Вещей в моем новом доме не так уж и много. Я решила считать этот дом новым, чтобы не было путаницы, – то, как я помню свой старый дом, полностью определило облик нового, но нет ни одного способа запомнить новый дом так, чтобы он вытеснил облик старого. Поэтому эта наслаивающаяся сама на себя память запускает некий трудно различимый процесс ветшания.

Процесс ветшания выглядит так: вот я прихожу домой в один из тихих, обычных, предгрозовых сентябрьских дней, вешаю свой любимый карбоново-черный плащ «Альфа» на чугунную литую вешалку на двери (я помню, что она всегда там была), захожу на кухню, ставлю на плиту жирноватый бело-сиреневый чайничек с россыпью нежного фиолетового цветения поверх грязной белой эмали (я помню, что всегда так делала), открываю лэптоп (модель лэптопа, кстати, может быть любой – я по-разному его помню; так во сне мы часто оказываемся с различными, порой непригодными в реальной жизни цифровыми устройствами из прошлого – снятся ли вам видеомагнитофоны и аудиокассеты, которыми вы переписывались с теми, кто был скорей изобретен и сконструирован вашим пятнадцатилетием, нежели ворвался в него в разгар рейв-вечеринки в чужой школьной столовой?), включаю какую-нибудь старую музыку, которая вертится в голове (ту, которая не вертится, включить невозможно), беру с полки коробку с шоколадками «Снисхождение» (потому что это мои любимые шоколадки) и пишу маме: ну как ты, как прошел день?

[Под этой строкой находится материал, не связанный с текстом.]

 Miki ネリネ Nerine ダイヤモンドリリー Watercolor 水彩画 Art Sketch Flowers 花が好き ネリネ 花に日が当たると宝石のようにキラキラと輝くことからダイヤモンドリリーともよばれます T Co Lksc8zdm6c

Мама, которая уже приноровилась жить без меня, рассказывает в простом будничном режиме: нормально все, нормально, лень, мигрень, ходила на горячую йогу, приготовила яблочный штрудель на рисовом тесте; я отвечаю ей скорбной горячей гарью на рисовом тексте, процарапывая лезвием сердца или памяти о нем эту полупрозрачную цифровую бумагу небытия – хотелось бы мне попробовать этот штрудель! Выцарапать его на пульсирующей невозможности мясного горячего сердцебиения.

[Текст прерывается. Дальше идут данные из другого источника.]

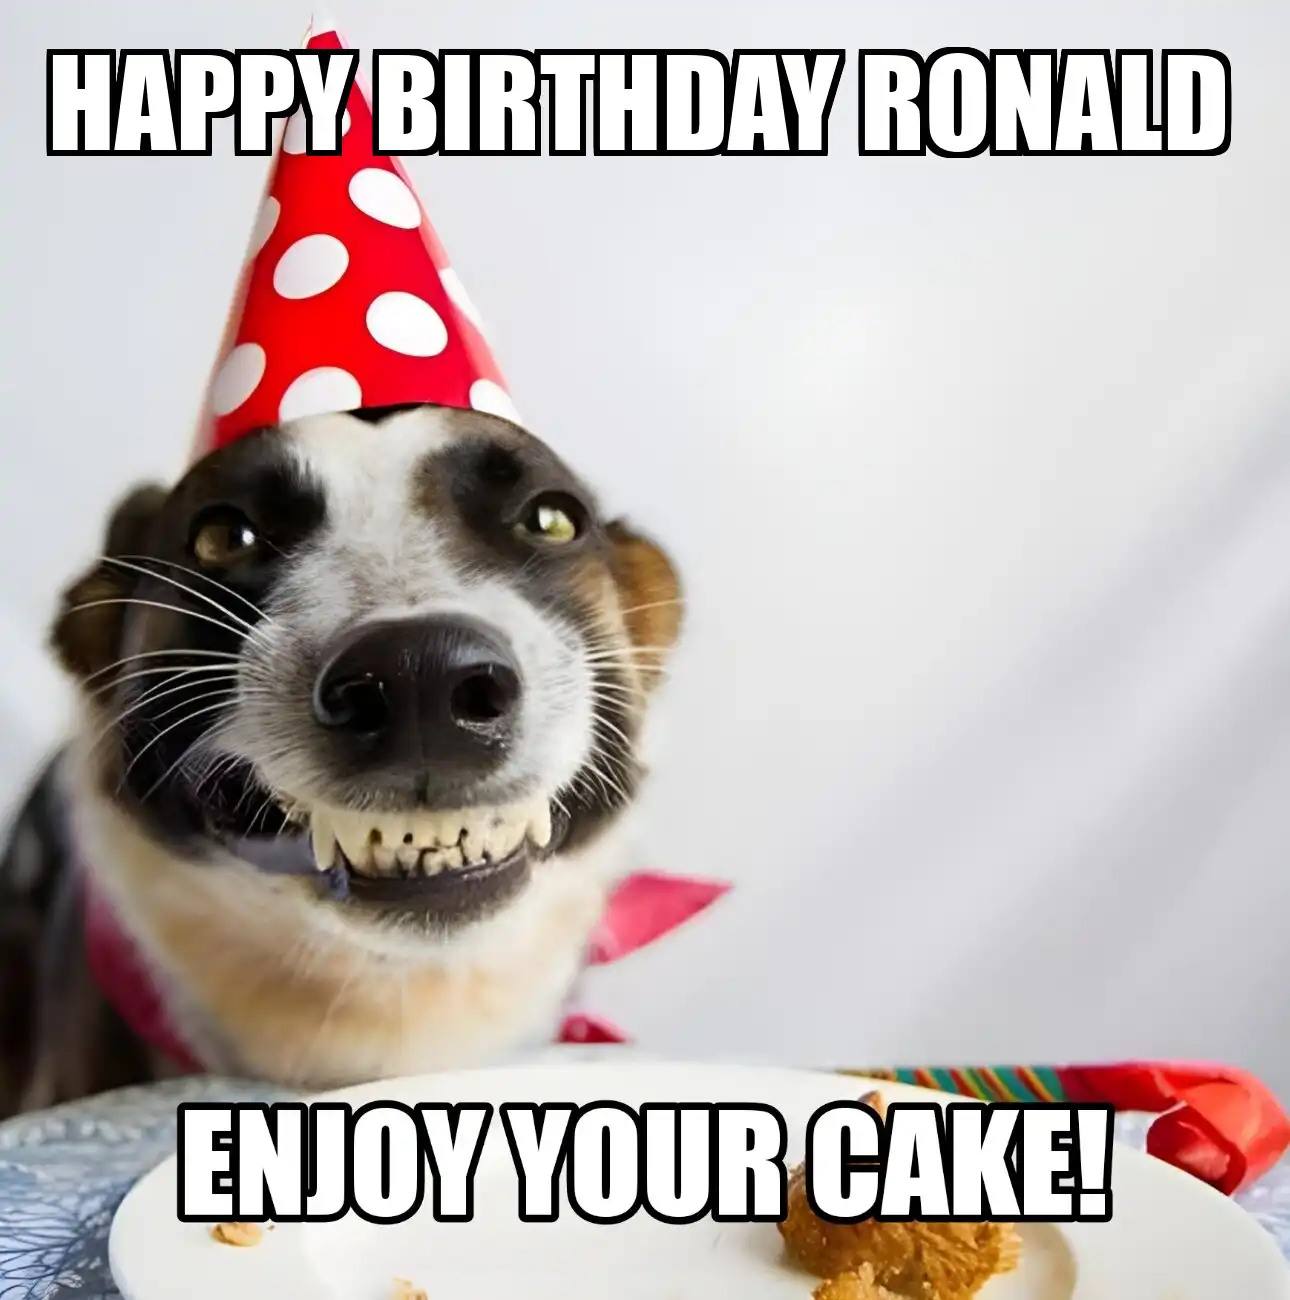 Happy Birthday Ronald Enjoy Your Cake Dog Meme

Ничего не выйдет: пока я жила, мама такие не готовила. Или готовила, но тщательно от меня скрывала – быть может, она готовила для себя, или для Э., или даже для отца, периодически до сих пор заходящего к ним с Э. в гости; в любом случае доступа к новой сенсорной, запаховой, пищевой информации у меня нет. Все, что мне остается, – это текст и немного любви.

Знала бы, что умру так рано, – носилась бы повсюду как собака (почему я снова вспомнила собаку?), хаотично вбирая все возможные сенсорные впечатления. Объездила бы весь мир, попробовала бы все штрудели Вселенной, пролистала бы все книги, к которым захочу вернуться в состоянии небытия.

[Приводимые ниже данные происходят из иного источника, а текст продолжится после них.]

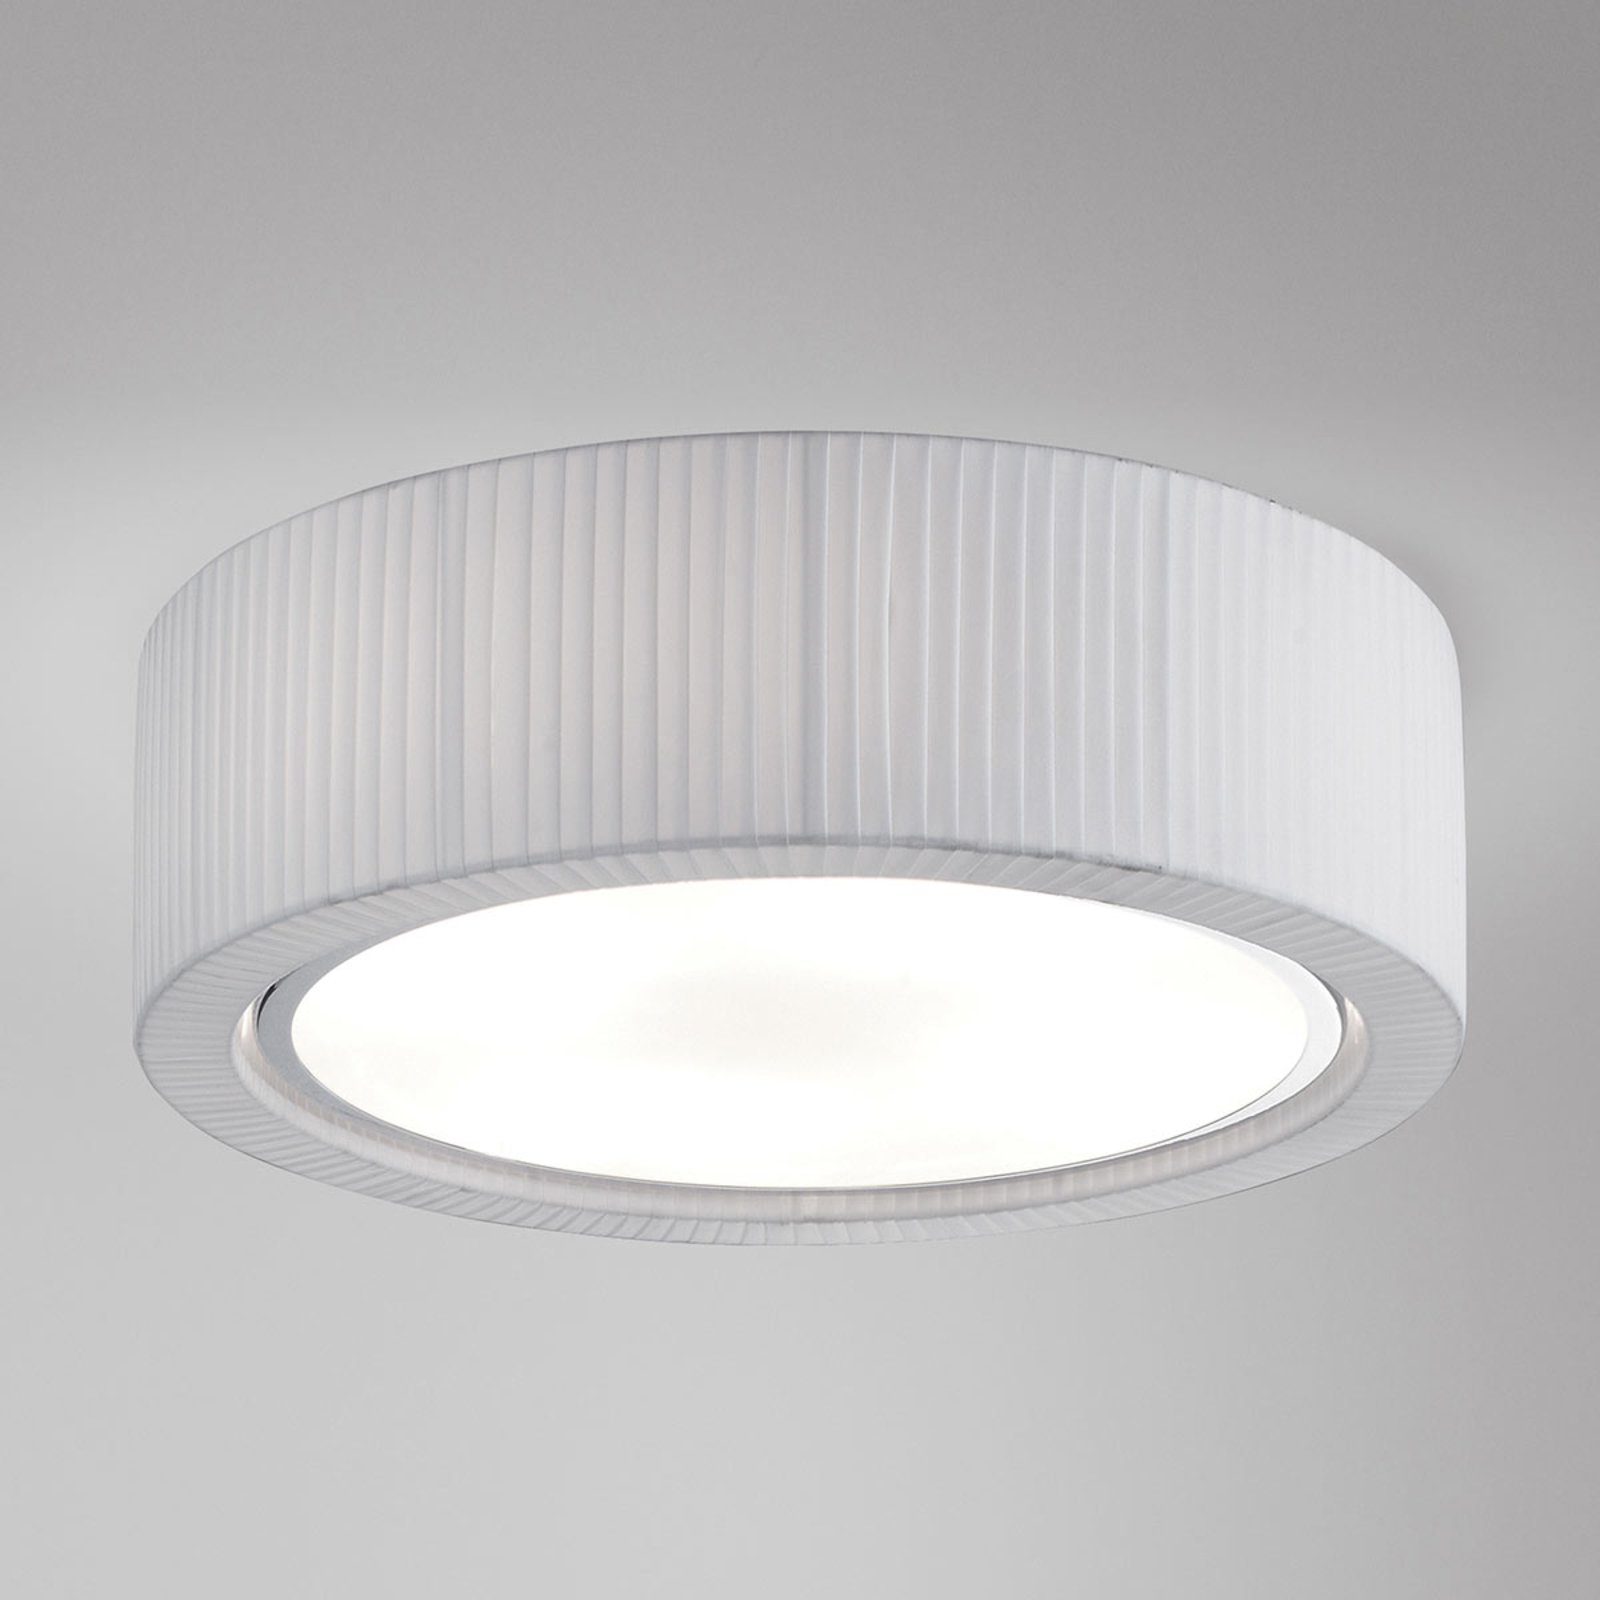 Bover Urban PF/37 loftlampe, hvid, 37 cm

Я отхлебываю чай – это обычная бело-кремовая чашечка с автоподогревом из «Икеи». Иногда бывает черная чашечка с эмблемой колледжа Бард и надписью «Место, чтобы думать». Теперь весь мир – если это мир – место, чтобы думать. Больше ничего делать в нем мы не можем.

Вещей, как я уже говорила, у меня было немного, и все – субъективные. Вещи, которые ранее присутствовали в моей жизни и о которых я помню. Они существуют только в моем присутствии, когда я направляю на них рассеянный луч фонового, бокового внимания. Если бы кто-то ворвался ко мне в квартиру в мое отсутствие, он бы увидел здесь лишь тени, паутинки вещей – какие-то крупнее, какие-то слабее: контуры, абрисы, вещевые объемы, услужливо наполняемые чужой, пришлой памятью, как пустые голодные холщовые мешки. Наверняка он смог бы самостоятельно подогреть чай (возможно, чайник был бы почти неразличимого цвета либо спонтанный мой гость увидел бы на его месте некий свой чайник из персонального чайного опыта, весь обожженный вспоминанием, только-только из печи памяти), даже выпить его из чашечки с эмблемой колледжа Бард – моя память о колледже настолько прочная и местами травматичная, что чашечка не потеряет для постороннего гостя ни щербинки, ни царапинки, он даже может, не разобравшись, принять ее за объективную вещь (возможно, объективные вещи так и возникают, но мы еще не до конца в этом разобрались, поэтому я не буду забегать вперед, раз уж забежала назад) и похитить, – но беда в том, что, как только я вернусь домой, чашечка все равно будет на месте со всеми ее щербинками. Похитил – значит, сделал копию. Ничего нельзя ни у кого украсть, все остается на своих местах, потому что место всего – мы сами.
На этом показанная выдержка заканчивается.